Les blindés de la Gendarmerie d’abord engagés dans la capitale

Entre le 8 décembre et le 1er mai, les blindés ont été déployés dans la capitale à 128 reprises, soit 59 % des déploiements de la crise. Les pics les plus marquants ont été le 8 décembre (12 blindés), le 15 décembre (14) et le 12 janvier (14). Les 4×4 blindés de treize tonnes, très utiles avec leur lame, ont été également engagés en région. D’abord à Toulouse, où deux blindés ont été déployés chaque week-end entre le 31 décembre 2018 et le 15 juin. Seule exception: le 13 avril où quatre blindés ont été engagés dans la ville Rose.
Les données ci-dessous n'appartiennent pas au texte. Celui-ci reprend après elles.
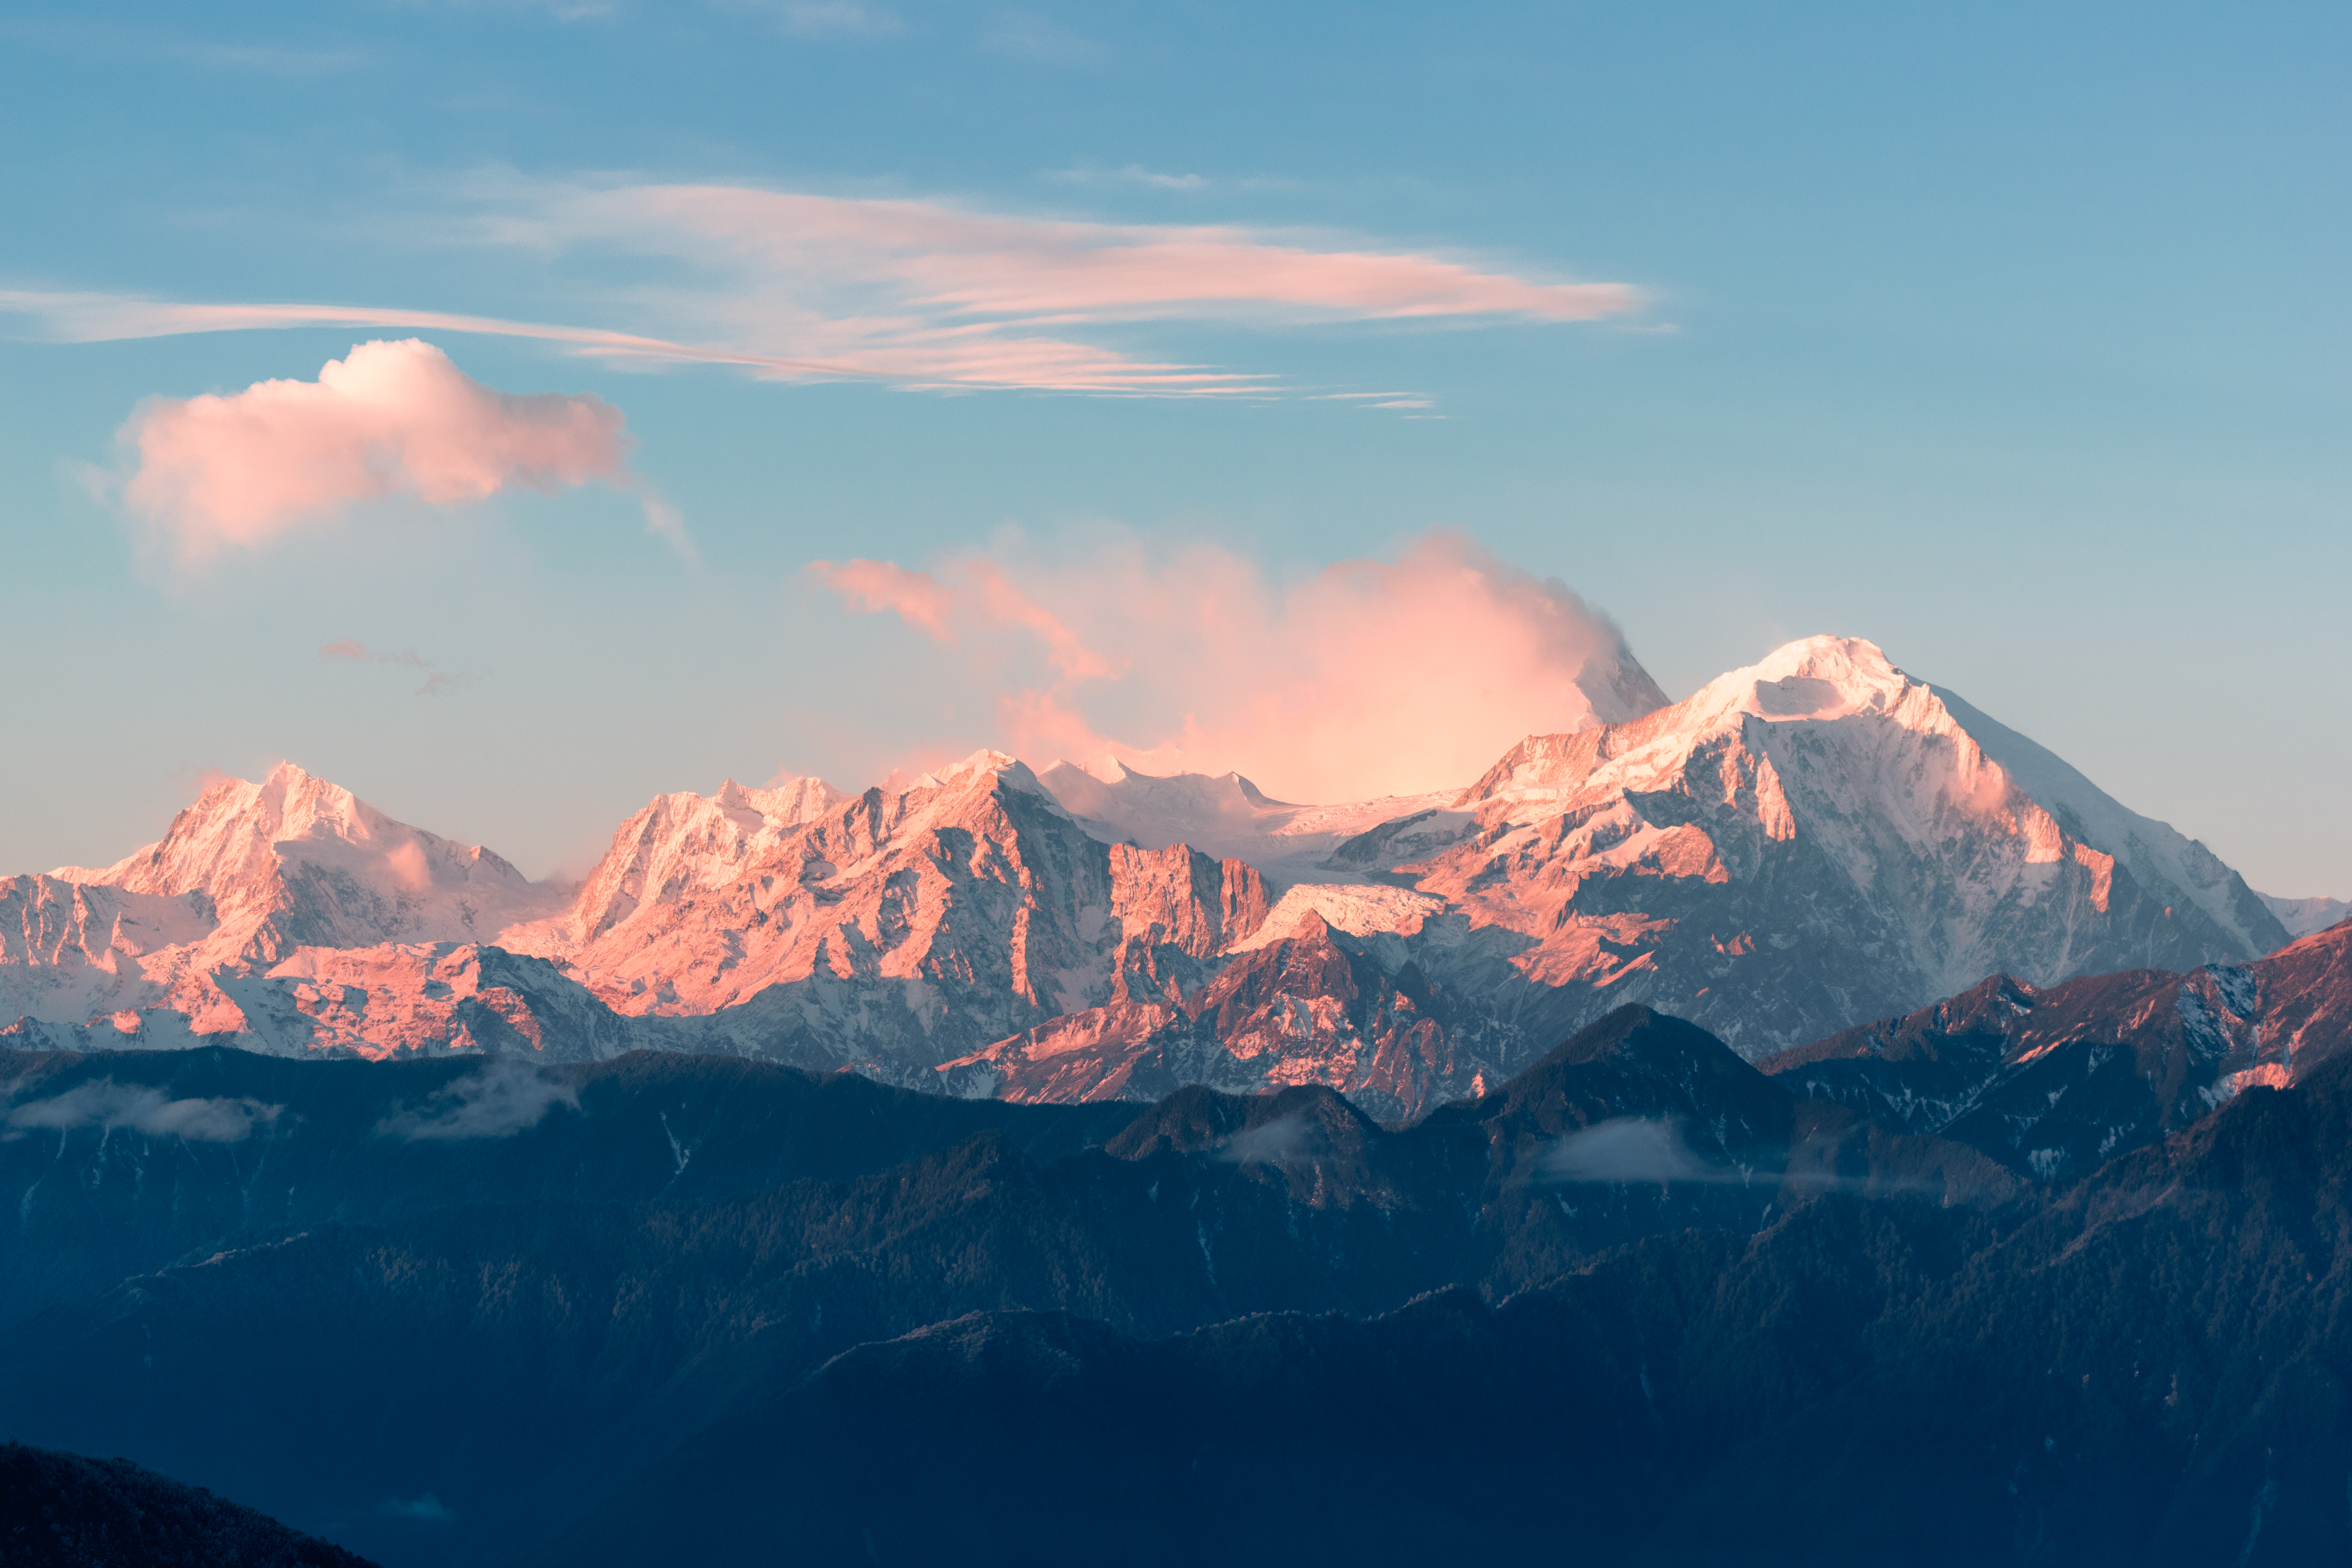 Sunrise mountain desktop wallpaper, minimal | Free Photo - rawpixel
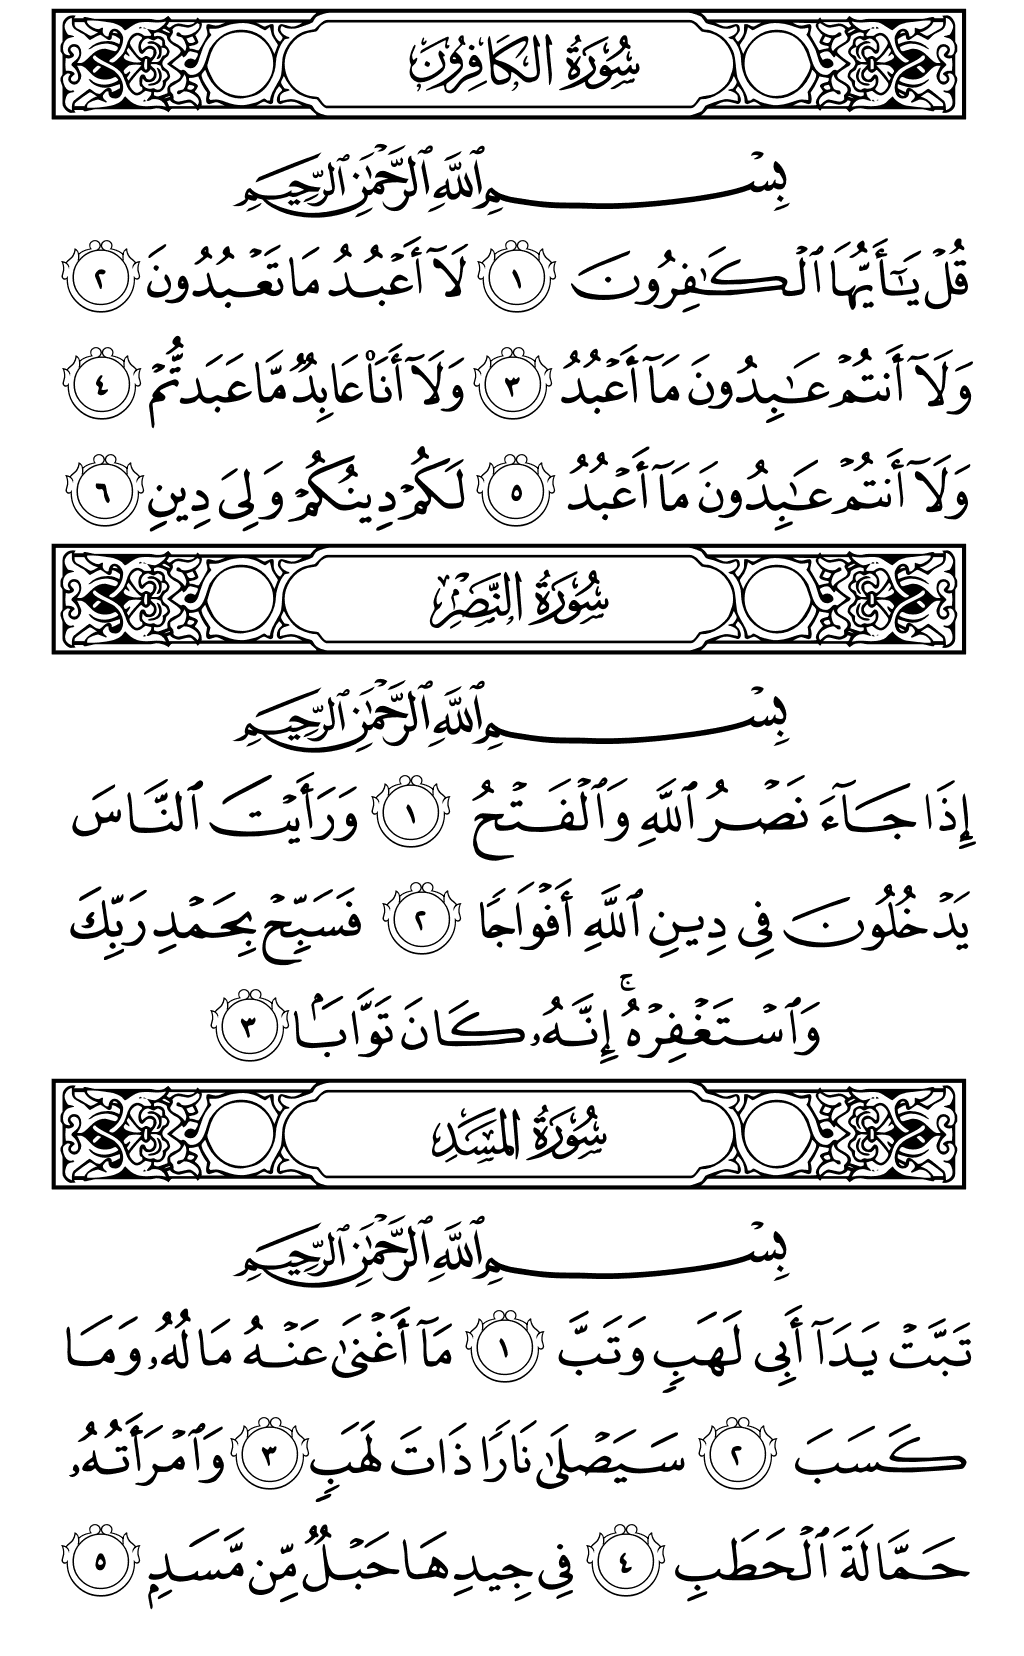 الصفحة رقم 603 من القرآن الكريم

Les blindés de la Gendarmerie ont enfin engagés à dix reprises à Bordeaux. Un chiffre inférieur (6) à Marseille et à Nîmes. De même, ils ont déployés six fois au Boulou (Pyrénées-Orientales) où des violences avaient éclaté. Enfin, deux engins ont été mobilisés à Montpellier, Lyon, Calais, Nice et Amiens.

On ignore le coût que représente une telle mobilisation des engins blindés. Leur emploi, conditionné à une réquisition du Premier ministre ou du préfet, est réservé aux situations les plus dégradées. Il marque la volonté de l’Etat d’afficher sa fermeté. Cet engagement massif est cependant à relativiser. Les blindés avaient également été mobilisés l’an passé lors de l’opération de maintien de l’ordre à Notre-Dame-des-Landes. Une opération qui s’était étalée dans le temps, de janvier à mai 2018.